Also see: Why I gave your paper a Strong Accept.
I'm almost done reviewing papers for another conference, so you know what that means -- time to blog.
I am starting to realize that trying to educate individual authors through my witty and often scathing paper reviews may not be scaling as well as I would like. I wish someone would teach a class on "How to Write a Decent Goddamned Scientific Paper", and assign this post as required reading. But alas, I'll have to make do with those poor souls who stumble across this blog. Maybe I'll start linking this post to my reviews.
All of this has probably been said before (strong reject) and possibly by me (weak accept?), but I thought I'd share some of the top reasons why I tend to shred papers that I'm reviewing.
(Obligatory disclaimer: This post represents my opinion, not that of my employer. Or anyone else for that matter.)
The abstract and intro suck. By the time I'm done reading the first page of the paper, I've more or less decided if I'm going to be reading the rest in a positive or negative light. In some cases, I won't really read the rest of the paper if I've already decided it's getting The Big SR. Keep in mind I've got a pile of 20 or 30 other papers to review, and I'm not going to spend my time picking apart the nuances of your proofs and evaluation if you've bombed the intro.

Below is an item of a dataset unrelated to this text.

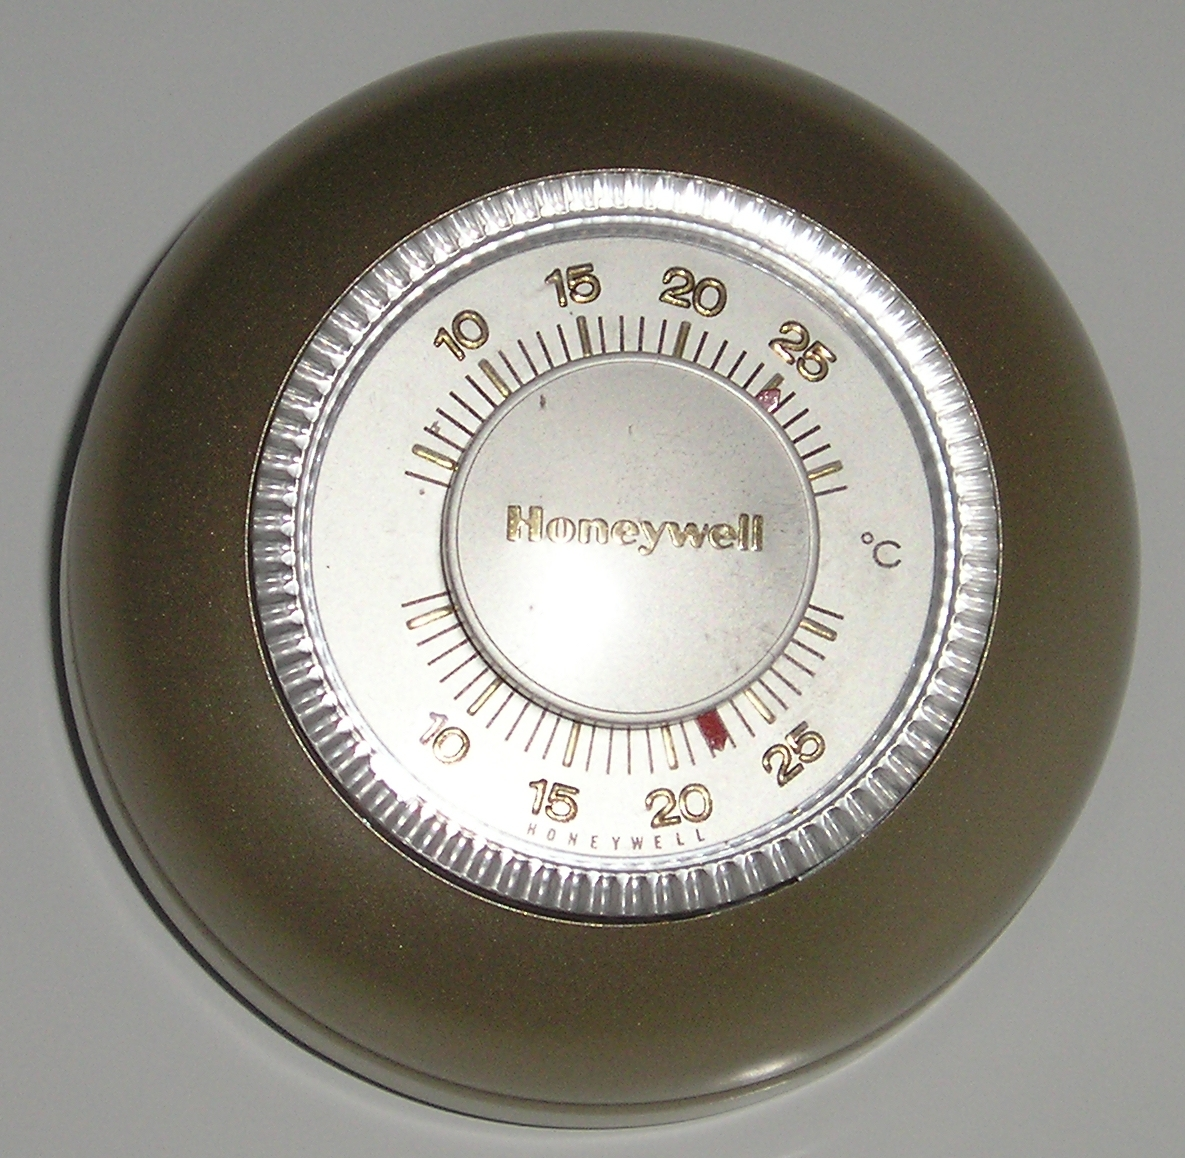 old honeywell thermostat wiring diagram 1975 fj40 dual fuel free engine

Lots of things can go wrong here. Obvious ones are pervasive typos and grammatical mistakes. (In some cases, this is tolerable, if it's clear the authors are not native English speakers, but if the writing quality is really poor I'll argue against accepting the paper even if the technical content is mostly fine.) A less obvious one is not clearly summarizing your approach and your results in the abstract and intro. Don't make me read deep into the paper to understand what the hell you're doing and what the results were. It's not a Dan Brown novel -- there's no big surprise at the end.
The best papers have really eloquent intros. When I used to write papers, I would spend far more time on the first two pages than anything else, since that's what really counts. The rest of the paper is just backing up what you said there.
Diving into your solution before defining the problem. This is a huge pet peeve of mine. Many papers go straight into the details of the proposed solution or system design before nailing down what you're trying to accomplish. At the very least you need to spell out the goals and constraints. Better yet, provide a realistic, concrete application and describe it in detail. And tell me why previous solutions don't work. In short -- motivate the work.
Focusing the paper on the mundane implementation details, rather than the ideas. Many systems papers make this mistake. They waste four or five pages telling you all about the really boring aspects of how the system was implemented -- elaborate diagrams with boxes and arrows, detailed descriptions of the APIs, what version of Python was used, how much RAM was on the machine under the grad student's desk.
To first approximation, I don't care. What I do care about are your ideas, and how those ideas will translate beyond your specific implementation. Many systems people confuse the artifact with the idea -- something I have blogged about before. There are papers where the meat is in the implementation details -- such as how some very difficult technical problem was overcome through a new approach. But the vast majority of papers, implementation doesn't matter that much, nor should it. Don't pad your paper with this crap just to make it sound more technical. I know it's an easy few pages to write, but it doesn't usually add that much value.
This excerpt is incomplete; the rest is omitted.